In telling one slave’s story, Dunbar casts light on the physical and emotional hardships that slavery inflicted on bonded persons regardless of the status of their owners or the nature of the slave’s work. In Washington’s home in Philadelphia, the slaves slept crowded in the attic, rooms that were coldest in winter and hottest in summer. Dunbar points out that Ona, as with most house slaves, lacked privacy and private time: her time was never her own. For all slaves, the threat of separation from family and friends due to being sold or moved was ever-present. Women were always alert to unwanted sexual advances, but often could not avoid assaults. Every slave was subject to the whim of the master, no matter how impractical, unjust or dangerous.

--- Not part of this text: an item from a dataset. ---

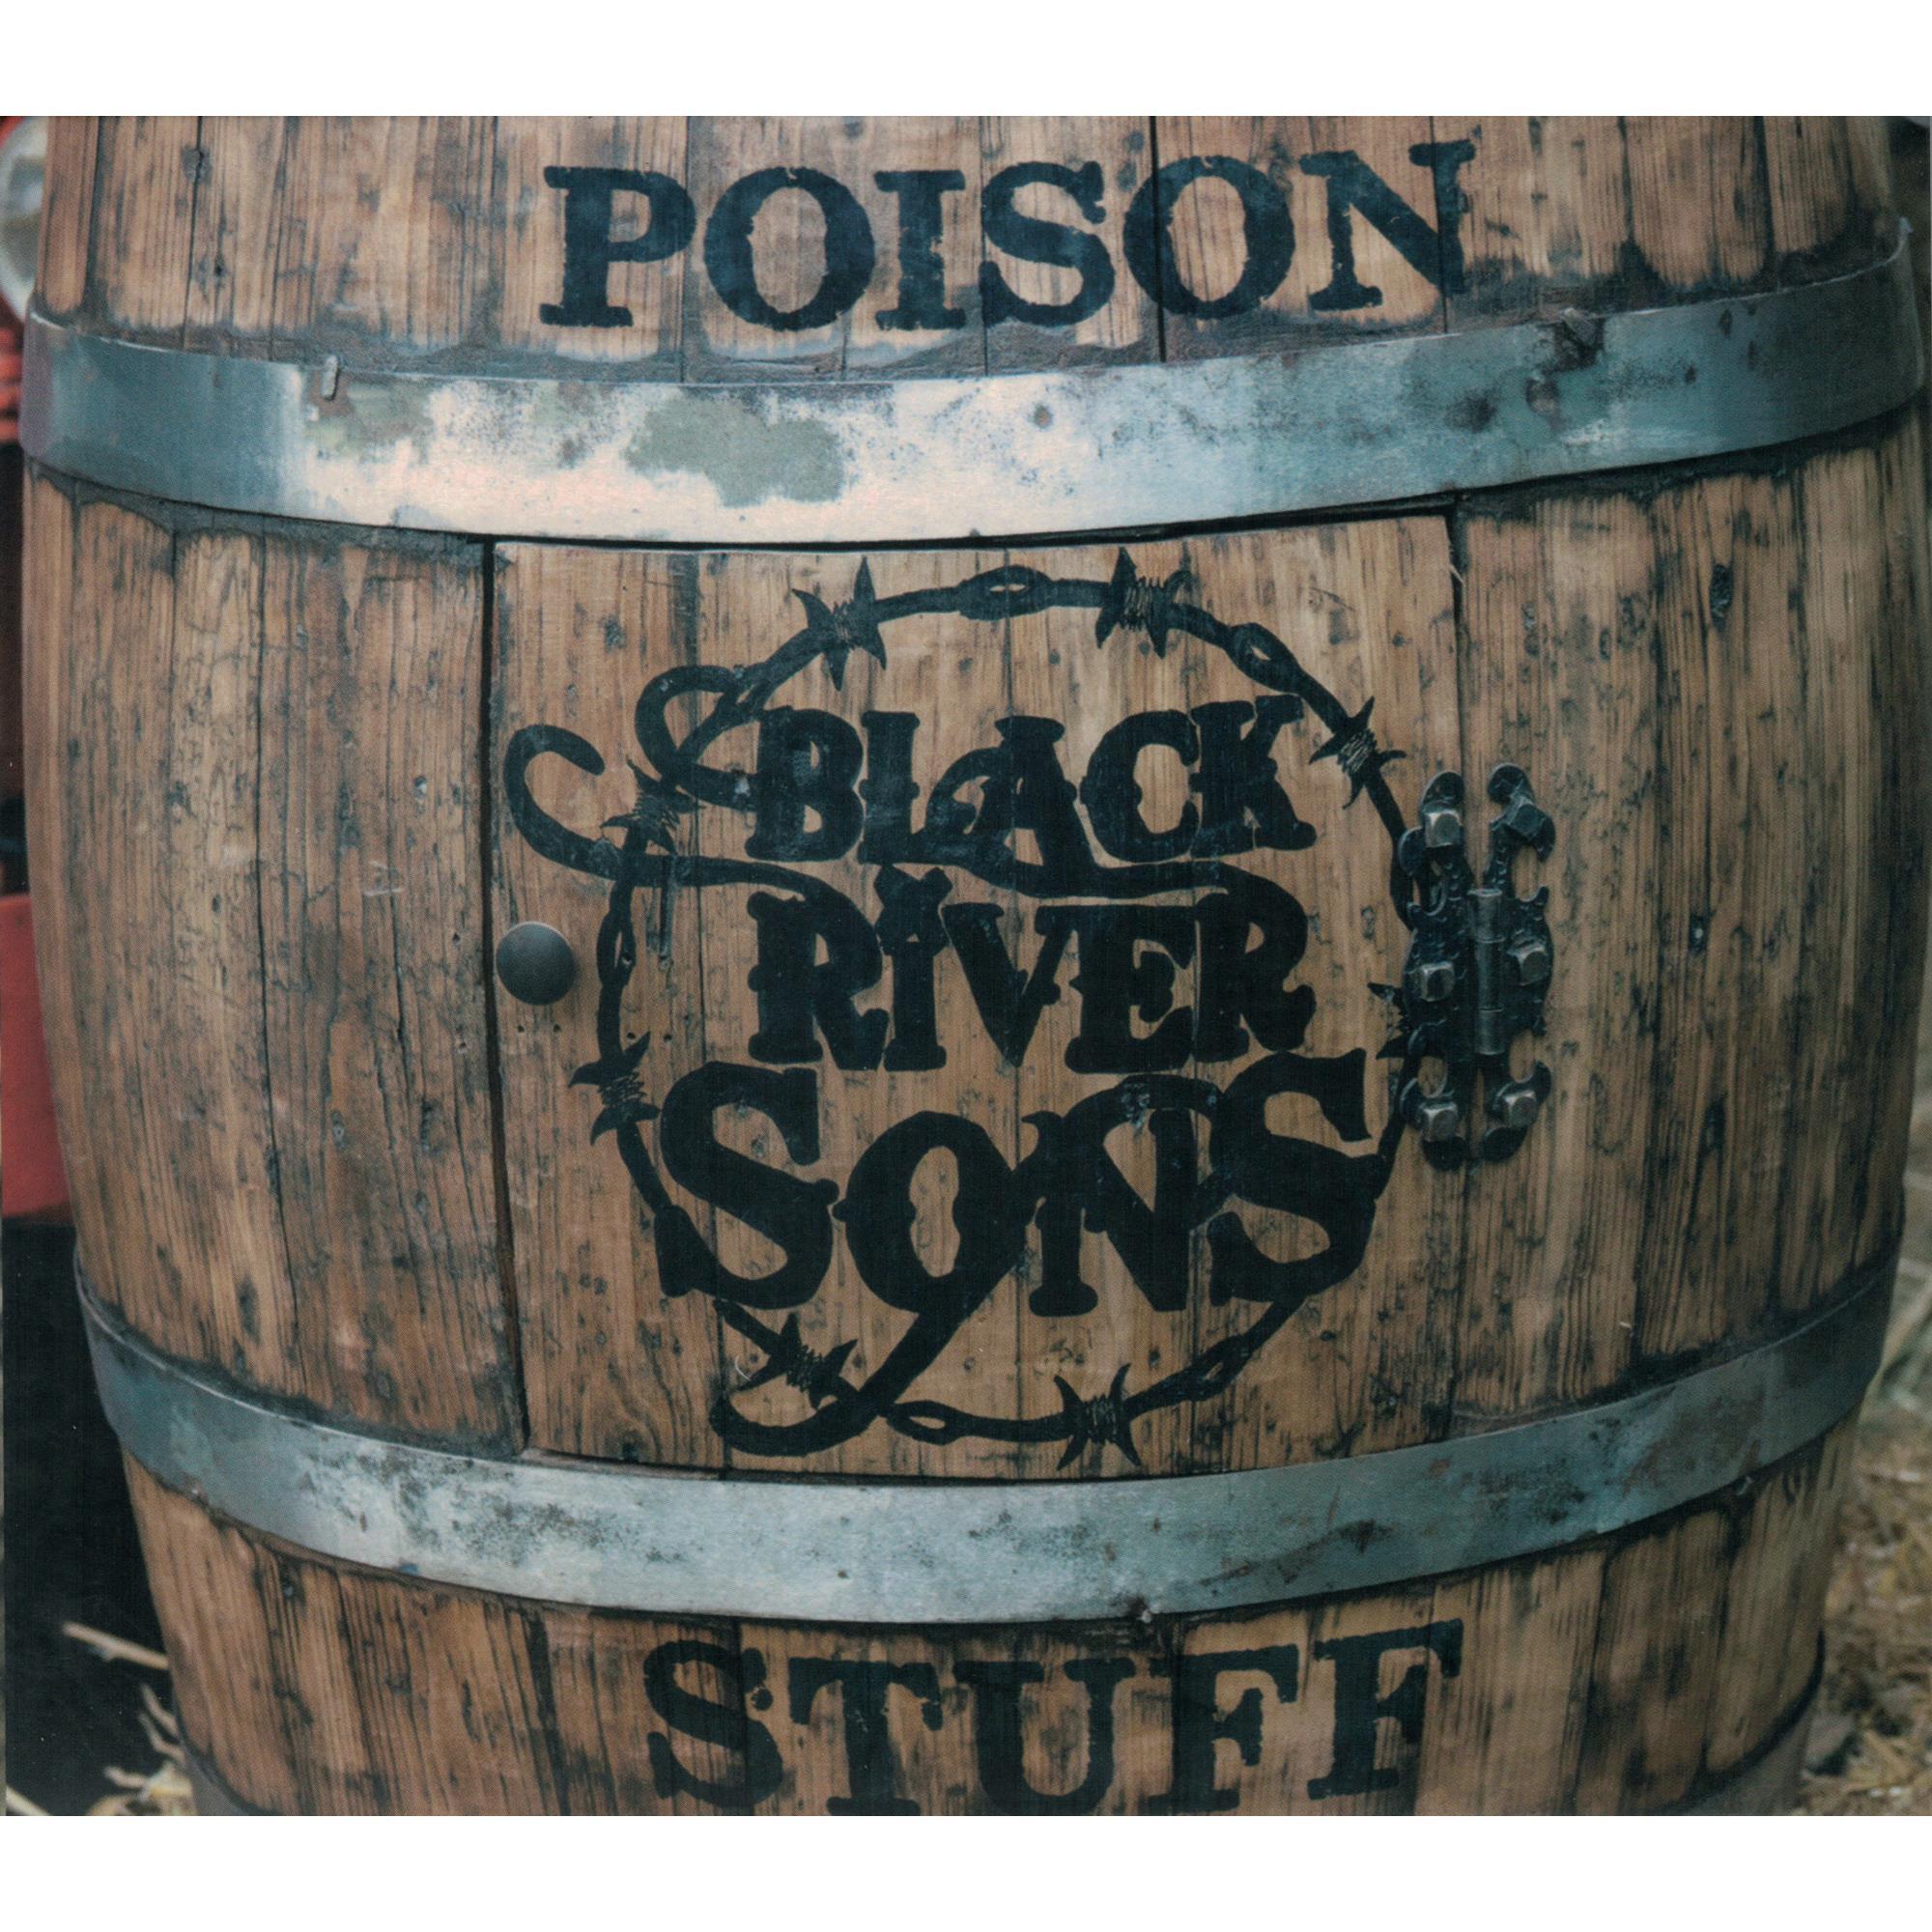 Poison Stuff CD

Life events in the master’s family – births, marriages, deaths, moves – were sources of consternation for slaves. A death could lead to the sale of slaves to raise money to pay debts. Parents often gave slaves to their children on their marriage or at the birth of a child. All these maneuvers resulted in slaves possibly never seeing their family again.

The event that precipitated Ona’s decision to escape was Martha Washington’s decision to give Ona to her granddaughter on her marriage. Eliza Custis was labile and stubborn, known for her “stormy reputation.” Moreover, the newlyweds planned to live in the new Federal City (Washington D.C.). Ona would again be torn from people familiar to her, the people she had been with for nearly seven years in Philadelphia.

Many factors came together to make Ona’s escape possible: the fact that she was in a Northern city; Philadelphia’s free blacks who helped her; the abolitionist movement which gave her courage; and Ona’s relatively high status in the Washington household, which allowed her to slip out.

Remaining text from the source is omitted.